Posté par rcdbrto le 7 octobre 2016

Le RCD participera aux élections législatives de 2017 au printemps et aux communales en autonome. La décision a été prise ce vendredi 7 octobre à l’issue du vote organisé dans le cadre de la session ordinaire du conseil national du parti. La participation l’a emporté à une écrasante majorité.

Dans la matinée, Mohcine Belabbas, président du parti, a demandé à chacun de s’exprimer librement. « Dans une situation normale, un parti ne se pose pas la question de participer ou non à un scrutin. Il se pose la question des moyens dont il dispose pour couvrir ou non les circonscriptions électorales (…) Mais nous ne sommes pas dans ce cas de figure », a-t-il déclaré dans son allocution d’ouverture des travaux du conseil national.

Le président du RCD rappelle le boycott des législatives et des locales de 2002 et de 2012 par son parti et estime qu’il est inutile de « regarder dans le rétroviseur pour dire est-ce que nous avions raison ou tort du point de vue de la construction du parti et de la propagation de nos idées ».

« La place du parti sur l’échiquier national »

« Ce qu’il est important de toujours noter c’est de bien entendre qu’un parti démocratique ne peut et ne doit pas être otage de dogmes ou de préjugés et ne doit se positionner qu’en fonction d’analyses rationnelles et sereines qui embrassent la conjoncture », explique-t-il.

« Chacun est libre de s’exprimer comme il l’entend sur la question des élections mais, de mon point de vue, l’urgence aujourd’hui est d’organiser le débat en fonction des conjonctures politiques, économiques et même géopolitiques pour éviter la tentation facile de déclarations théoriques sans prise avec le réel », affirme-t-il.

Les structures de base du parti ont déjà débattu du sujet. Aujourd’hui, « il nous est demandé de bien cerner la situation générale du pays, notre place dans l’échiquier national, d’évaluer les dangers potentiels de la situation régionale et de réfléchir sur les conséquences des nouvelles lois qui régissent les élections », selon lui.

« Fonctionnement autiste de l’État »

Au cours de son intervention, le président du RCD est également revenu sur certaines questions d’actualité dont les accusations formulées par les ministres d l’Aménagement du territoire et du Tourisme et celui du Commerce.

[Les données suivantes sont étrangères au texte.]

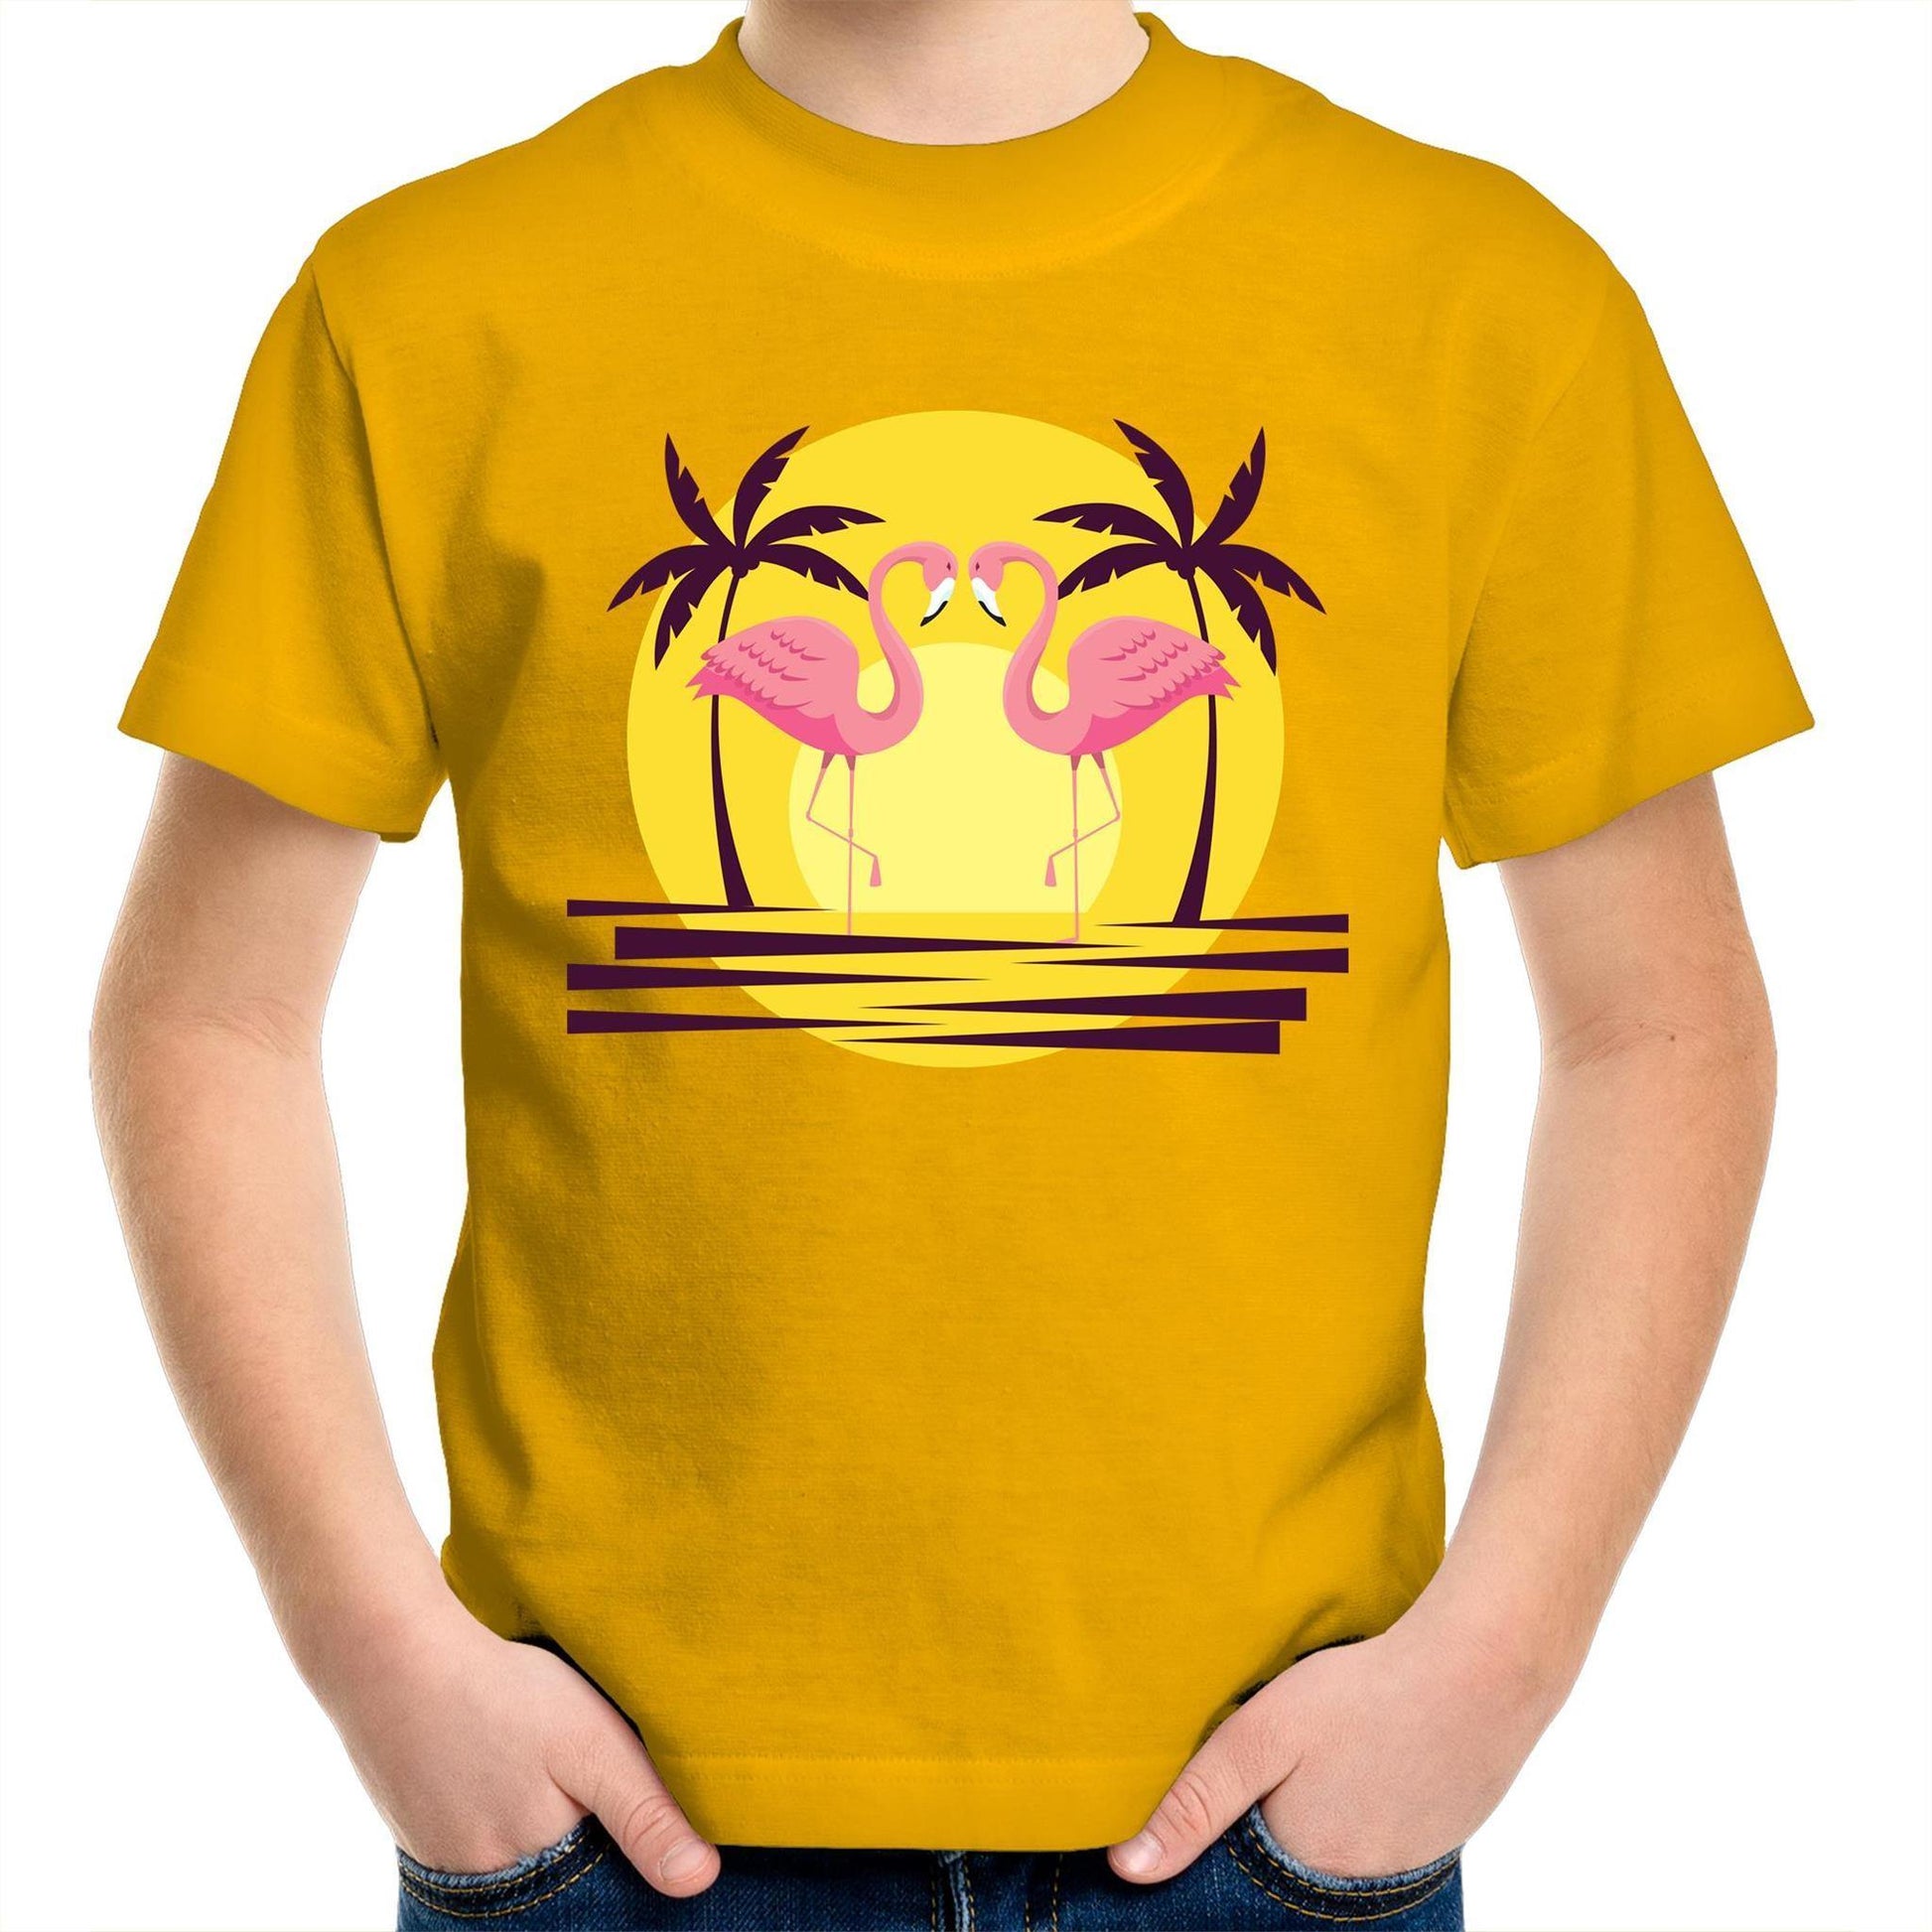 Flamingo Love - Kids Youth Crew T-Shirt Gold Kids Youth T-shirt animal Retro Summer

« Le ministre de l’Aménagement du territoire et du Tourisme ou celui du Commerce qui ont constaté des préjudices dans leurs secteurs respectifs fuient les tribunaux malgré les appels de leur collègue de la Justice à déposer plainte, lui qui, par ailleurs, s’accommode de distorsions ahurissantes sur d’autres dossiers », lance-t-il.

« L’appel du Garde des Sceaux invitant les citoyens à aller au-devant des tribunaux pour dénoncer des cas de corruption signe l’étendue du naufrage institutionnel », considère-t-il. « Demander au citoyen de saisir une justice dont il est la première victime et organiser la démission des pouvoirs publics qui s’interdisent de s’autosaisir devant des atteintes avérées au patrimoine national est le comble d’un fonctionnement autiste de l’État », conclut Mohcine Belabbas.